Filtering the extremese: This is an optional step that removes the extreme less and extreme high frequent words.

In [5]:
'''
OPTIONAL STEP
Remove very rare and very common words:

- words appearing less than 15 times
- words appearing in more than 10% of all documents
dictionary = gensim.corpora.Dictionary(processed_docs)
'''
dictionary = gensim.corpora.Dictionary(processed_docs)
dictionary.filter_extremes(no_below=15, no_above=0.1, keep_n= 100000)

## - Document to BOW(Bag Of Words):
We create (token_id, token_count) form for each document using doc2bow.

In [6]:
# for each document, (token_id,token_count) is maintained
bow_corpus = [dictionary.doc2bow(doc) for doc in processed_docs]

## Creating LDA Model
The common parameters used in LDA are:
- num_topics: number of latent topics to be extracted from the corpus.
- passes: number of training passes through the corpus
- workers: number of extra processes to use for parallelization.

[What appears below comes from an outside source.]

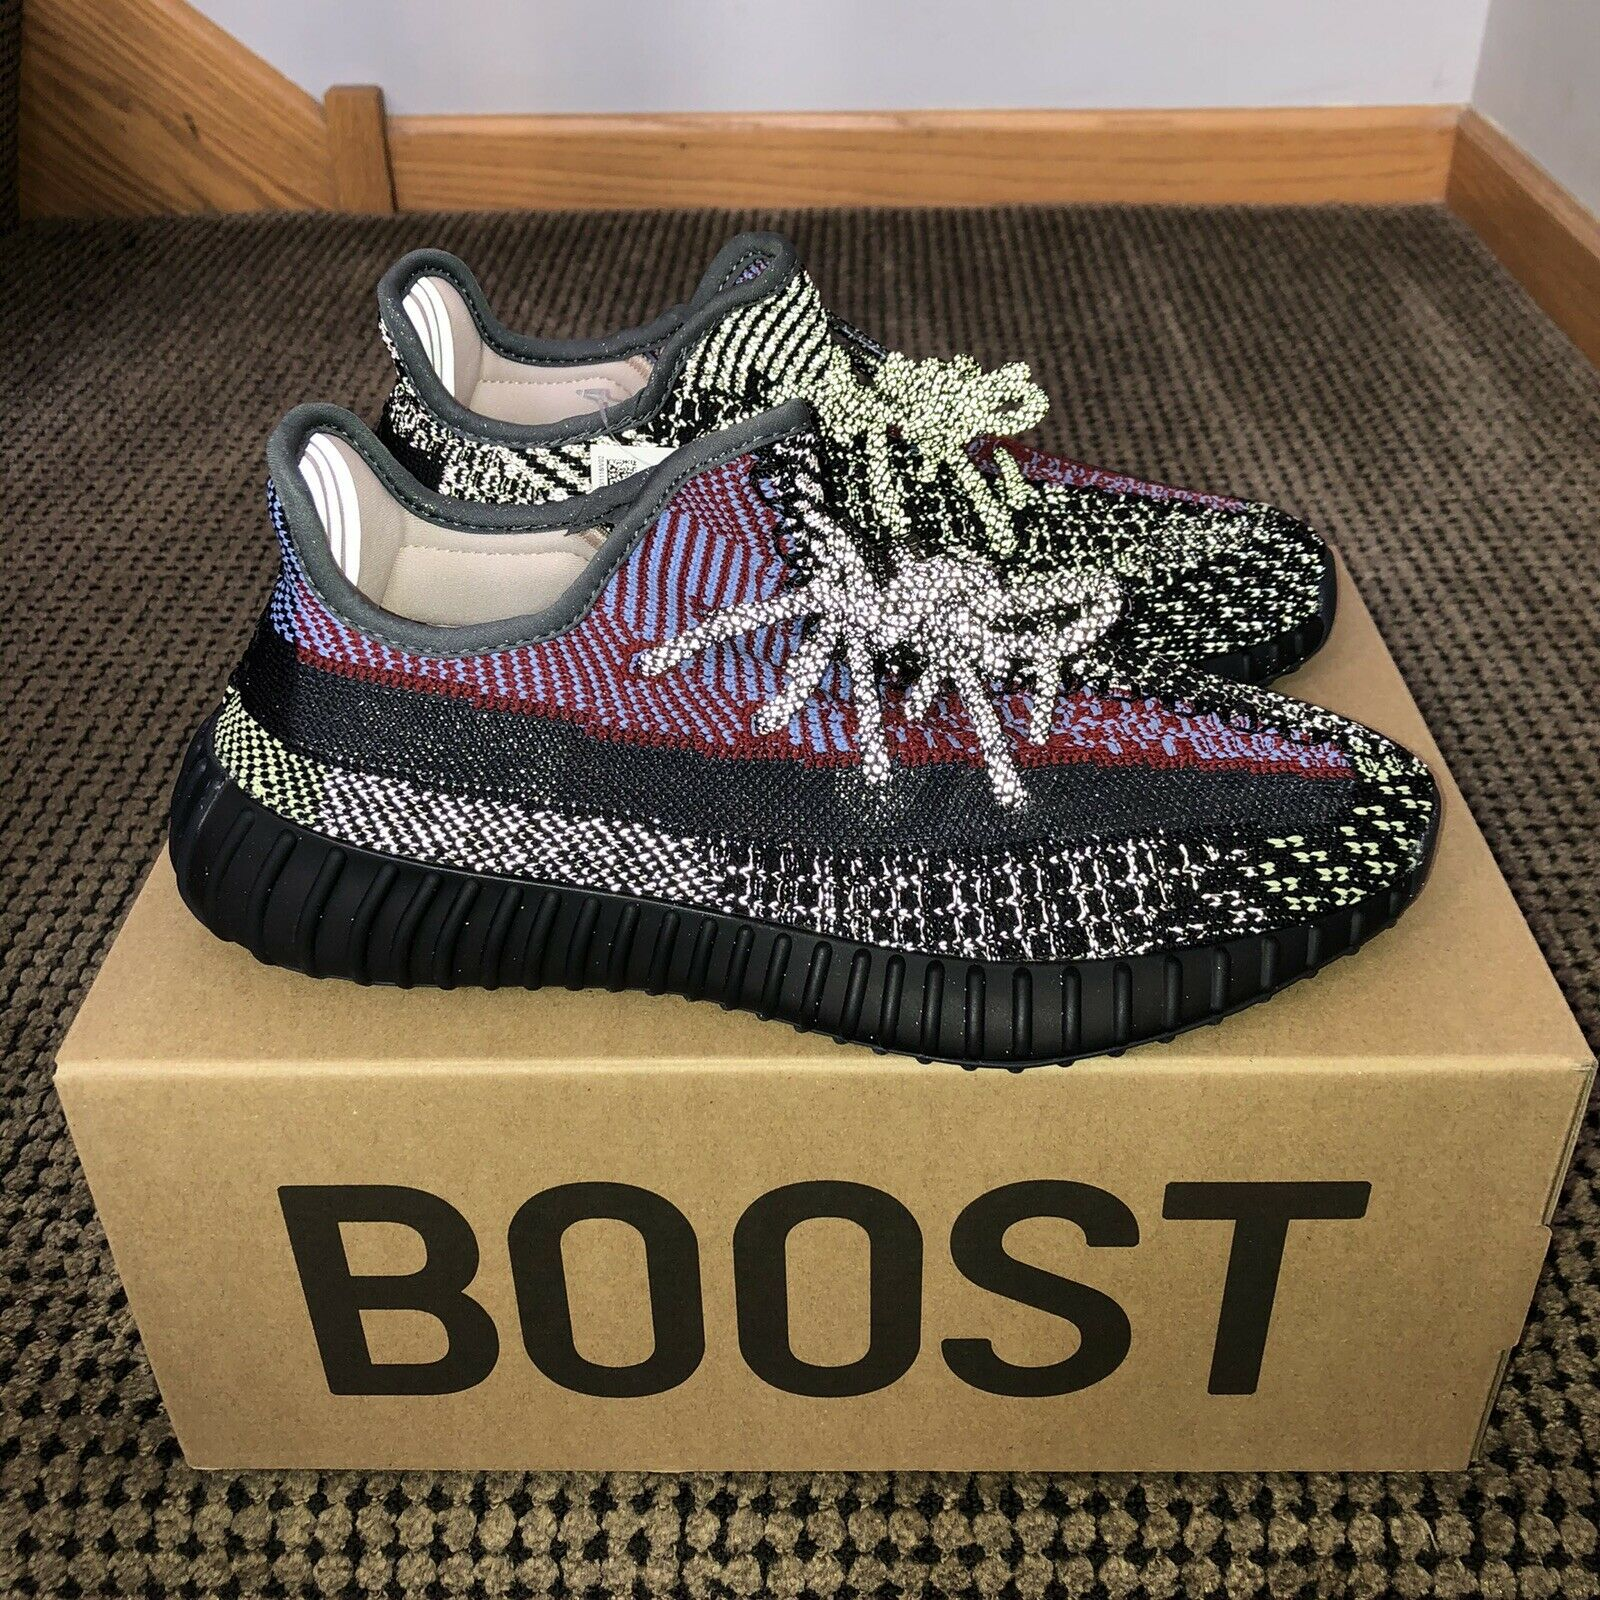 adidas Yeezy Boost 350 V2 Yecheil Infant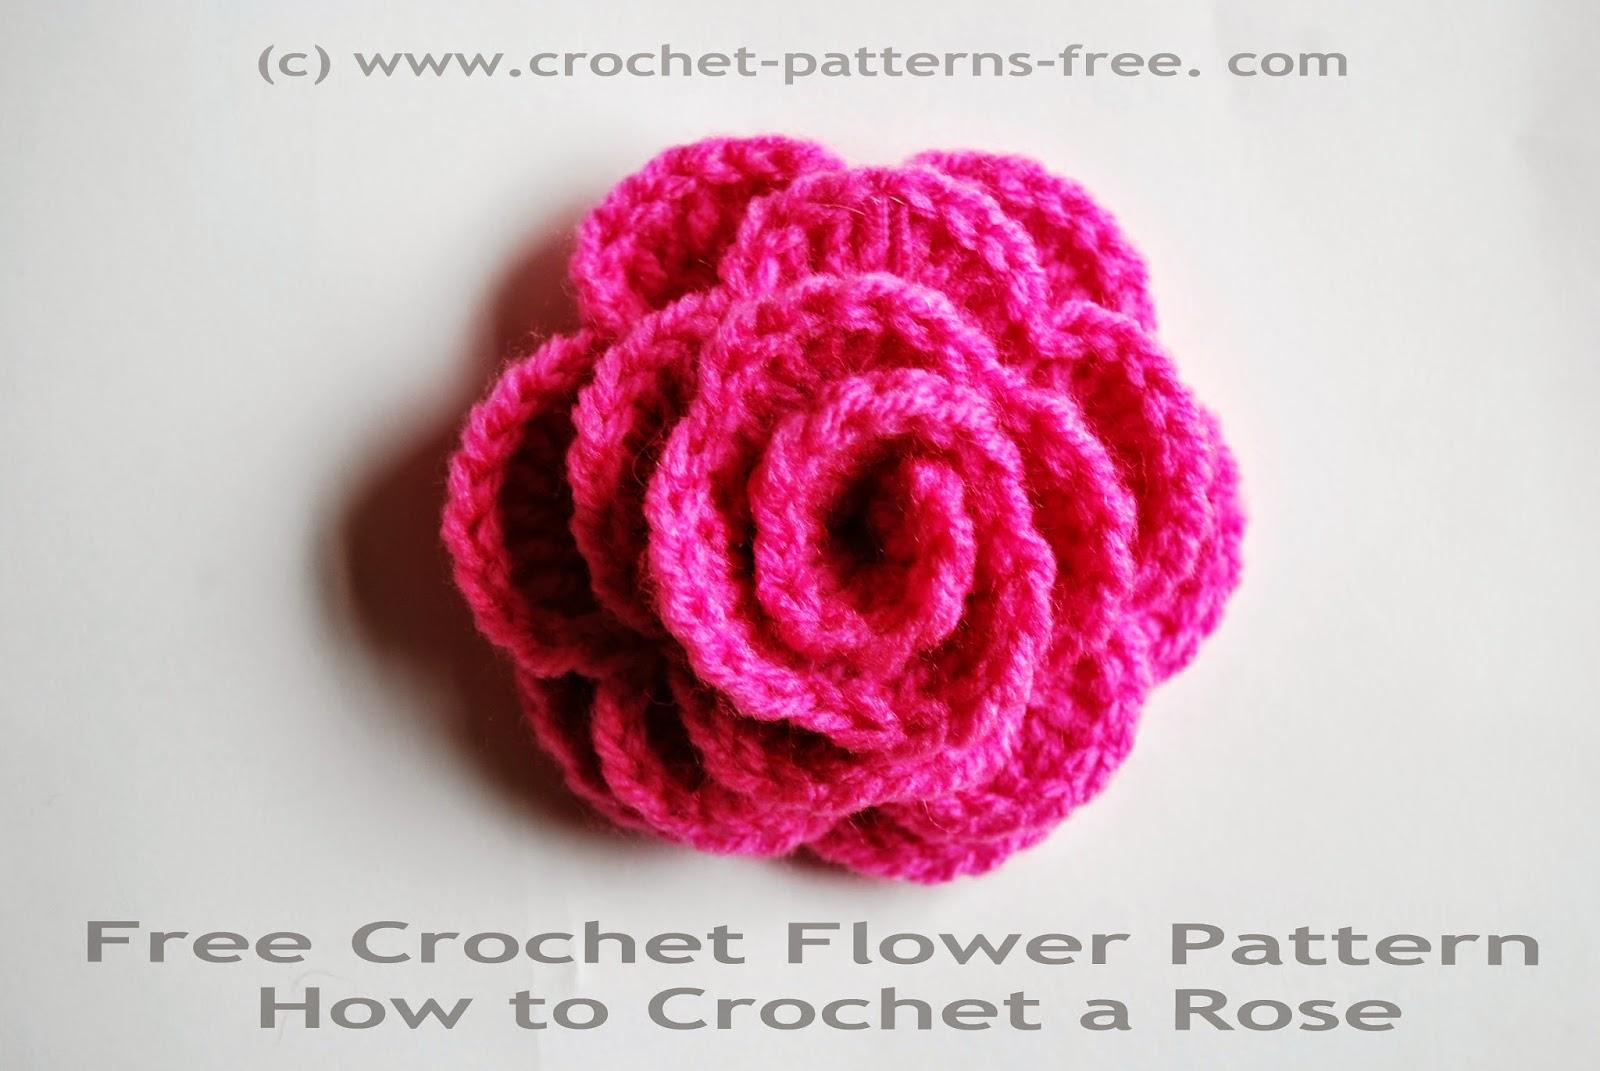 Simply Crochet Flower Patterns Gardening Flower And Vegetables

Uses all available cores by default.
- id2word: mapping from word ids (integers) to words (strings).

In [7]:
from gensim import models
lda_model = models.LdaMulticore(bow_corpus,
                            num_topics = 8,
                            id2word = dictionary,
                            passes = 20,
                            workers = 2)

## Printing words occuring in the topic and its relative weight:
For each topic, we will explore the words occuring in that topic and its relative weight.

In [8]:
lda_model.print_topics()

[(0,
  '0.007*"presid" + 0.006*"american" + 0.005*"govern" + 0.004*"clinton" + 0.004*"money" + 0.004*"nation" + 0.004*"health" + 0.004*"cleveland" + 0.003*"talk" + 0.003*"happen"'),
 (1,
  '0.015*"game" + 0.013*"team" + 0.010*"space" + 0.009*"play" + 0.009*"nasa" + 0.008*"player" + 0.006*"hockey" + 0.005*"season" + 0.005*"toronto" + 0.005*"orbit"'),
 (2,
  '0.010*"armenian" + 0.008*"israel" + 0.007*"kill" + 0.007*"isra" + 0.006*"govern" + 0.006*"turkish" + 0.005*"jew" + 0.005*"weapon" + 0.005*"arab" + 0.004*"crime"'),
 (3,
  '0.011*"christian" + 0.007*"jesus" + 0.006*"exist" + 0.005*"moral" + 0.004*"bibl" + 0.004*"word" + 0.004*"religion" + 0.004*"life" + 0.004*"church" + 0.004*"evid"'),
 (4,
  '0.008*"drive" + 0.006*"bike" + 0.006*"power" + 0.005*"wire" + 0.005*"engin" + 0.004*"car" + 0.004*"light" + 0.004*"speed" + 0.003*"turn" + 0.003*"littl"'),
 (5,
  '0.022*"window" + 0.020*"file" + 0.011*"program" + 0.010*"drive" + 0.008*"card" + 0.007*"scsi" + 0.007*"version" + 0.007*"disk" + 0.

## Interpreting results:
- Topic 0: Politics
    It contains word like president, american, govern, clinton,... This might be Politics.
- Topic 1: Sports
    It contains word like game, team, play, player,... This might be Sports.
- Topic 2: Crime and Violence
    It contains word like kill, weapon, crime,... This might be Violence.
- Topic 3: Religion
    It contains word like christian, jesus, bible, religion,... This might be Religion.
- Topic 4: Automobile
    It contains word like drive, bike, engine, car,... This might be Automobile.
- Topic 5: Graphic Cards
    It contains word like file, program, drive, card, version, driver,... This might be Graphic Cards. 
- Topic 6: Security
    It contains word like encrypt, chip, secure, clipper, key, privacy,... This might be Security.
- Topic 7: Technology
    It contains words like software, image, data, program,... This might be Technology.